The first thing to do if you or someone else has injured their ankle or had any kind of accident for that matter, is to get them to a safe place where they can sit down. This will first of all ensure that they don’t further injure themselves, and at the same time it will give them the opportunity to try and recover from the shock.

Shock can be a very serious problem when you twist or injure yourself and can leave you liable to throw up, to pass out or to fall over again. To treat it, make sure you go and sit down somewhere with your head between your legs in the fresh air. Have a warm cup of tea with extra sugar and this will replace some of the sugar you’ll have lost through sweating.

Step 2 – Rest and Ice

Next you have to rest and ice your ankle. If you’re someone who is naturally very active, then you might find that resting up like this doesn’t come naturally to you and that you have to fight the urge to ‘push through’ the pain and remain active. This is a big mistake however, as the more you push yourself now, the longer you will take to heal and that will mean you have to take more time out in the long run.

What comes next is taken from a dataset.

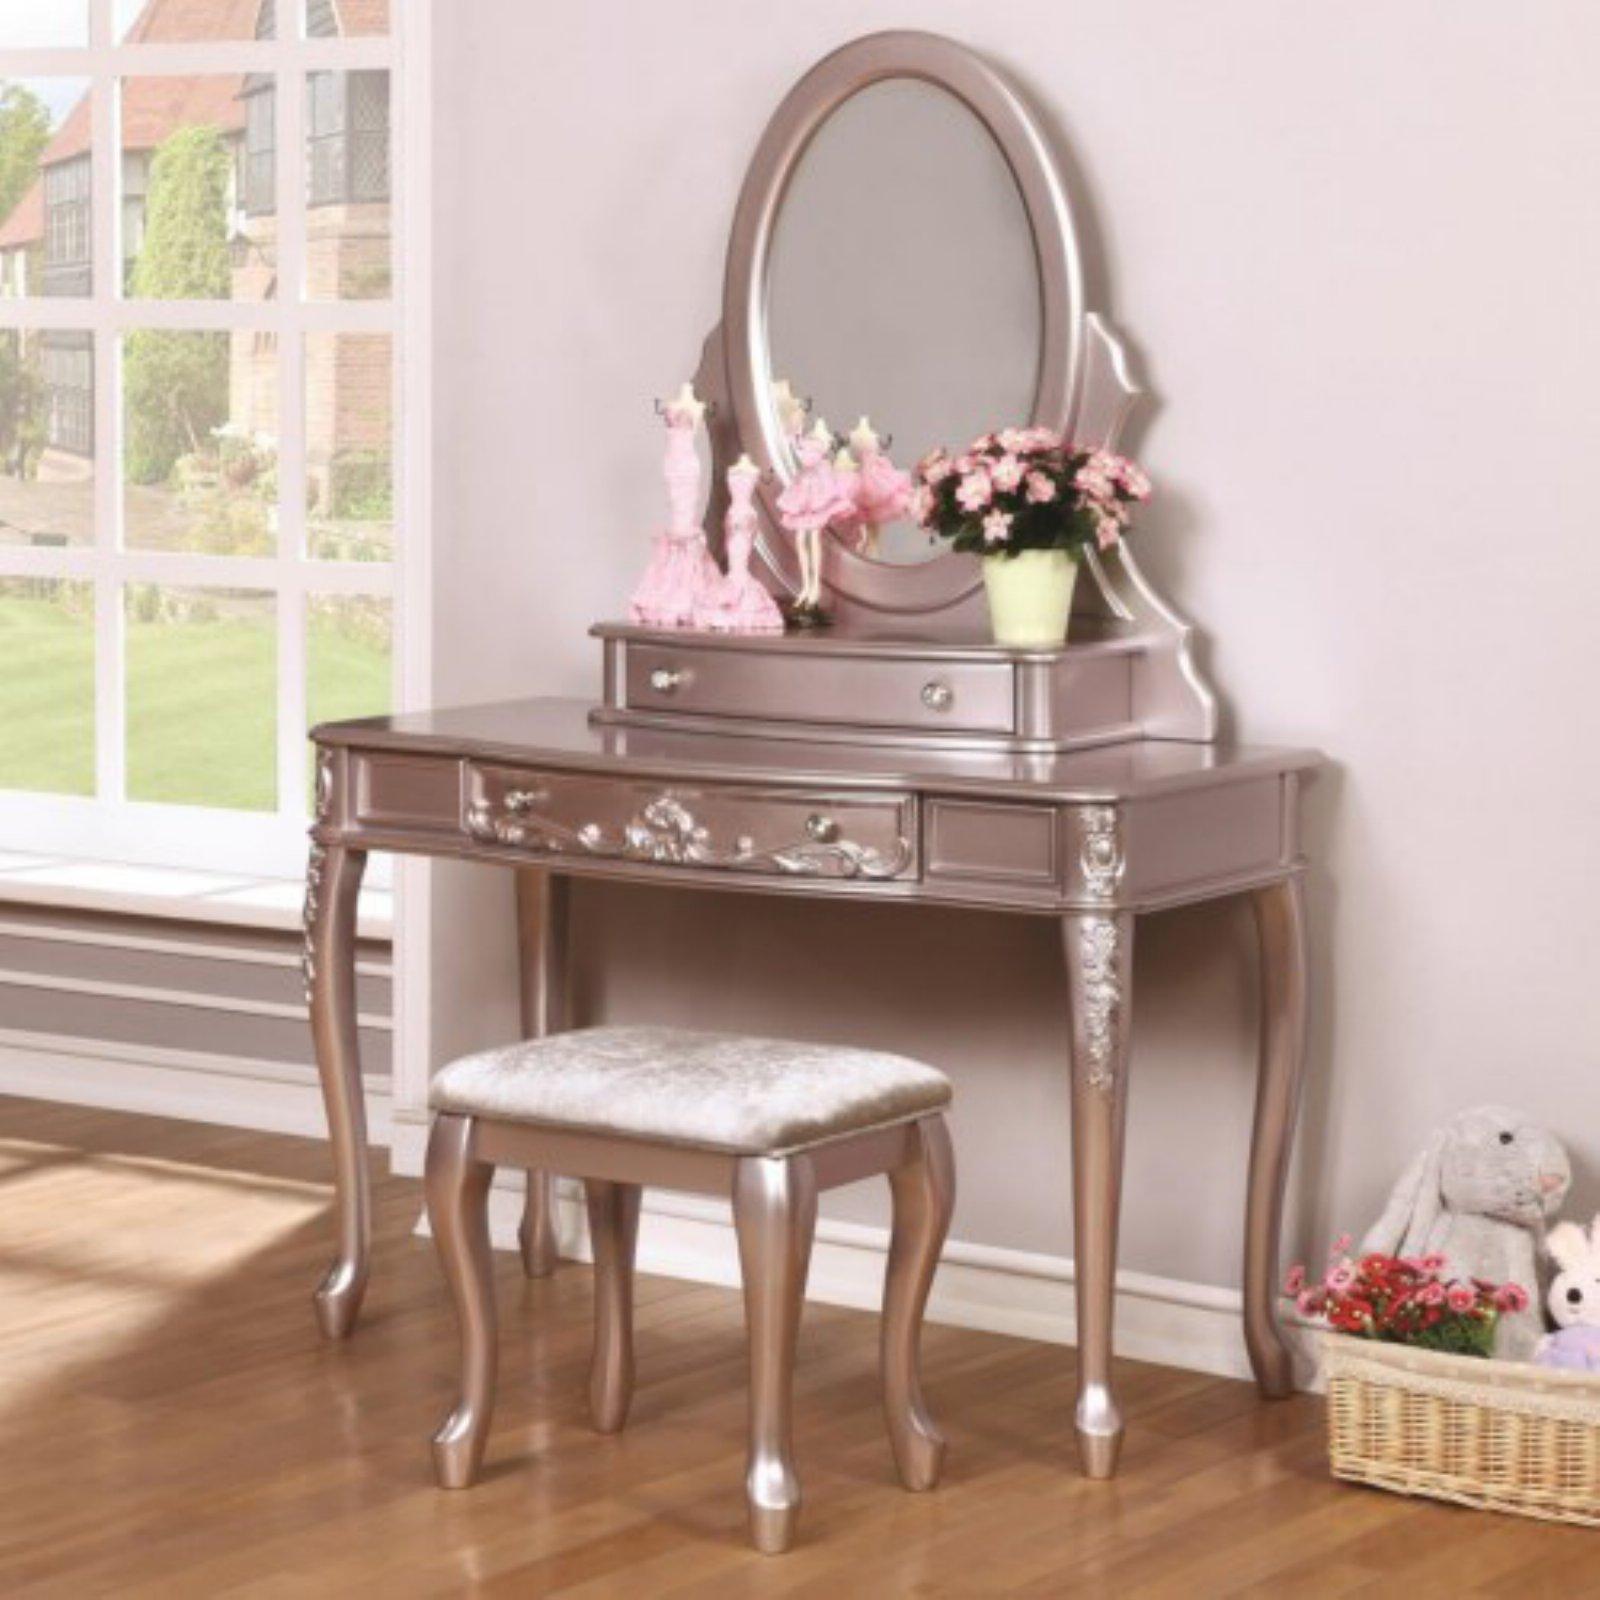 Coaster Company Caroline Vanity Mirror, Metallic Lilac (Mirror Only) by Coaster Company

While resting your foot you should also try to keep some ice on it for a few minutes at a time (not directly touching the skin), to keep it elevated, and to try using a compression sock or bandage. All these measures will help to reduce the swelling which will help to quicken your recovery time. When sleeping, try keeping your feet up on a pile of cushions in bed so that your foot is constantly draining. Eating well and getting lots of sleep is also important now.

Step 3 – Exercise

If your foot isn’t getting any better then you should see a physical therapy profession. They will help to massage your foot and show you exercises that you can use to reduce swelling more quickly.

On top of this though, you can also try using additional exercises of your own if you don’t think you need a therapist. Simply rotating your foot on the ball joint and practicing gentle lunges can help you to regain your strength and range of motion – but take it easy to begin with!